More and more puzzled by the strange sights and smells to which my senses had grown more acute as I proceeded, I soon found that they were, after all, almost wholly driven from my mind by an infinitely sharper sense of the utter joylessness of the place. In spite of the hurrying crowds of men who jostled one another upon the streets, I began to be conscious of an overpowering sense of desolation such as I had never before known. An unaccountable gloom, which seemed to cover the whole town like a funeral pall, began to settle upon my hitherto buoyant spirits. It was as if the sun were not merely obscured by a passing cloud, but had been wholly withdrawn from the heavens, leaving the earth to be lighted only by some murky and baleful star. I recalled the fact that though many of the irregularities of apparel which I had noticed were in a high degree ludicrous, I had not seen the ghost of a smile upon the face or heard anything approaching a jest from the lips of a human being since I entered the town. I attempted to arouse myself and shake off the deadly chill that was beginning to envelope me, and as I did so I unconsciously muttered, “One would think it were the town of Hamelin from which the Pied Piper had just drawn away all the children.”
No sooner had these words passed my lips than, like an electric shock, I remembered that I had not only not seen a child but I had not seen a woman since I entered the town. This dizzying fact was so astounding to me that I stopped in sheer and sudden fright and leaned against a tree near at hand in order to assure myself that it was true. Step by step, with minutest accuracy, I went over in my mind the ground which I had trodden. I recalled the anxious, hurrying figures of men, whose oddities of raiment no longer tempted me to smile, but not the face of a woman could I conjure up in the retrospect, nor even the glimpse of a woman’s garment. I had not, with a weakness which I think the angels forgive, turned on the streets to look after a woman’s beautiful figure. I surely had not seen a woman on those unswept doorsteps, I had not caught a glimpse of a woman in those dust-ridden parlours. Even the blooming faces and joyous, sparkling chatter of school-girls had been wholly absent from the streets which I had traversed.
With a sigh I thought of the still younger girls, the unspeakably innocent little ones of three and four years of age whose charming prattle I tried to persuade myself that I had surely heard about some doorstep. But no, I never failed to notice these darlings, and my memory told me with unfailing accuracy that I had seen only men. Men, no one but men, bald, angular men, and these in their bold loneliness appearing to be robbed of all the graces and sweetness of immortal beings!

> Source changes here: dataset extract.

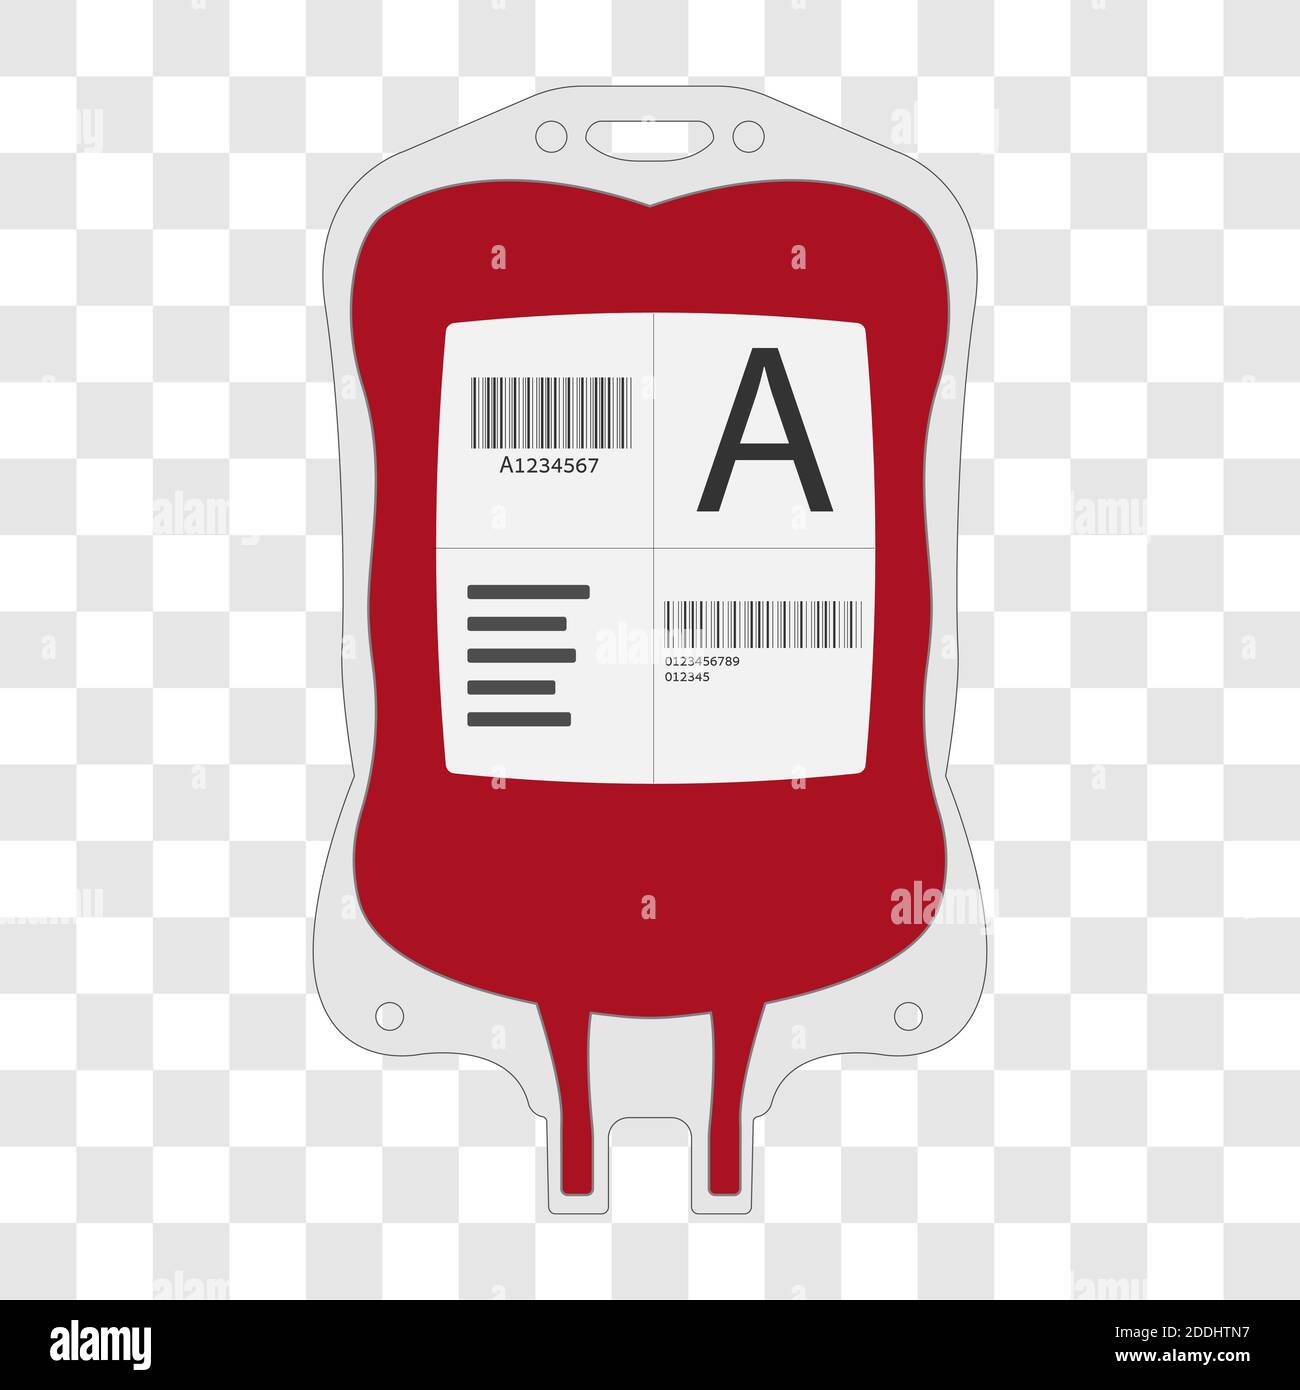 Sacchetto di plastica per donazione di sangue. Illustrazione vettoriale a disegno piatto per uso medico isolata su sfondo trasparente. Illustrazione Vettoriale
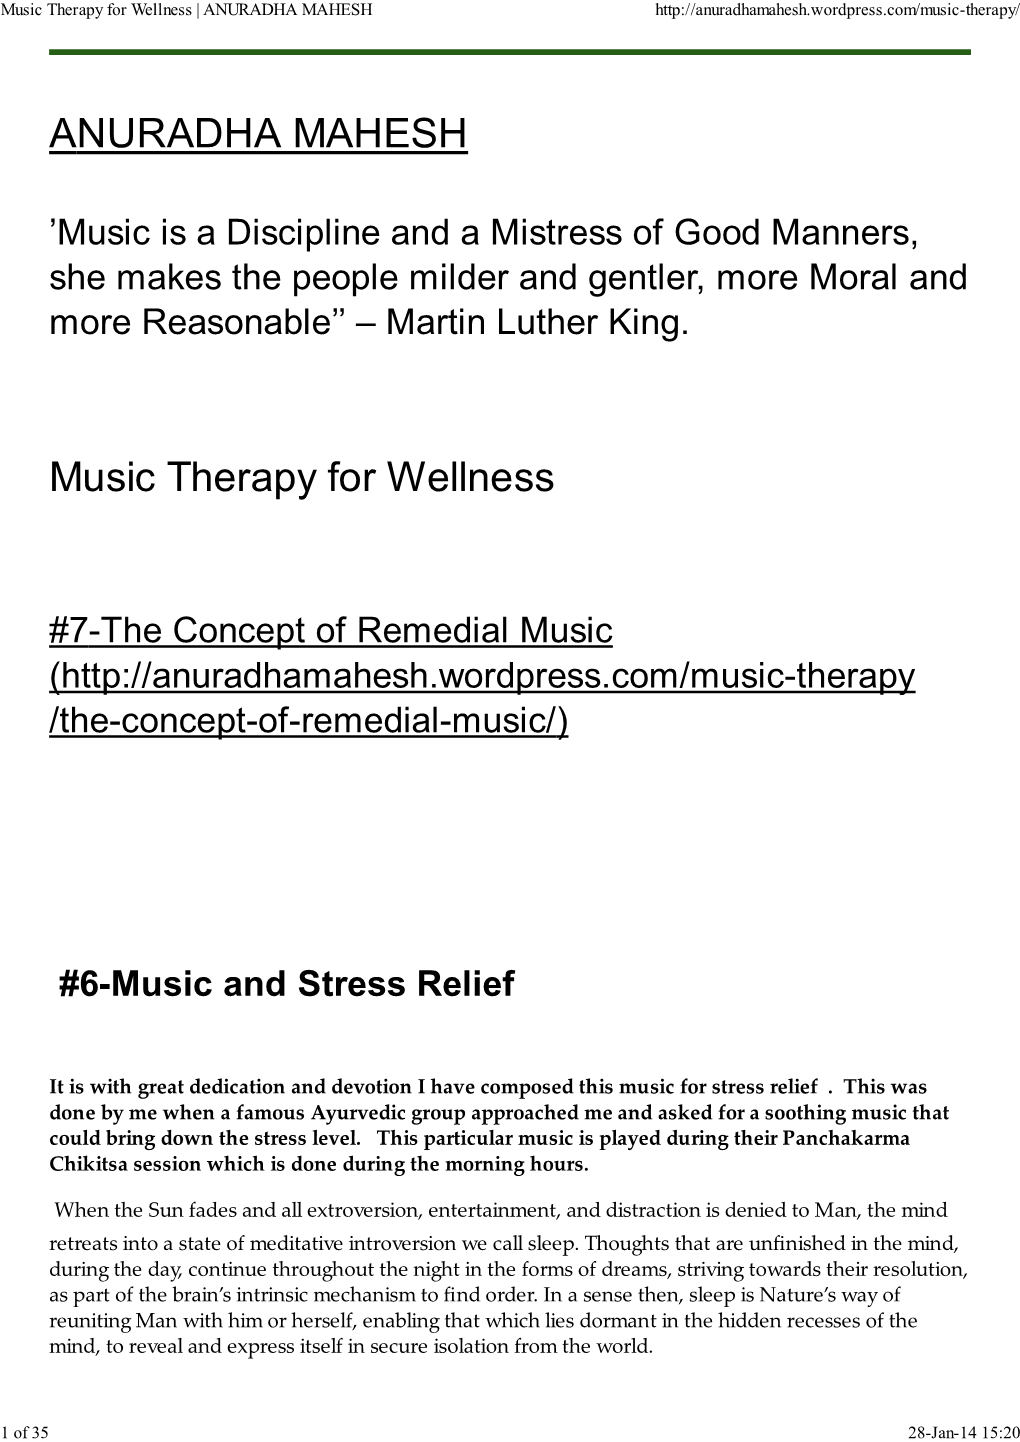 ANURADHA MAHESH Music Therapy for Wellness

My speculations as to the meaning of the strange state of things which I had observed in the town into which I had fallen, had hitherto been only those prompted by a dignified and philosophical curiosity. But the shock which I experienced on discovering the utter absence of woman from my environment had now made them positively painful. I stood still and shivered in the street. Surely I had gotten into an uncanny place, from which the sweetness and beauty of woman and the innocence of children had been banished! I could bear the suspense no longer. Casting my hitherto dignified deportment to the winds I ran recklessly after a man who had emerged from a drug store at some distance in front of me and seized him almost rudely by the arm.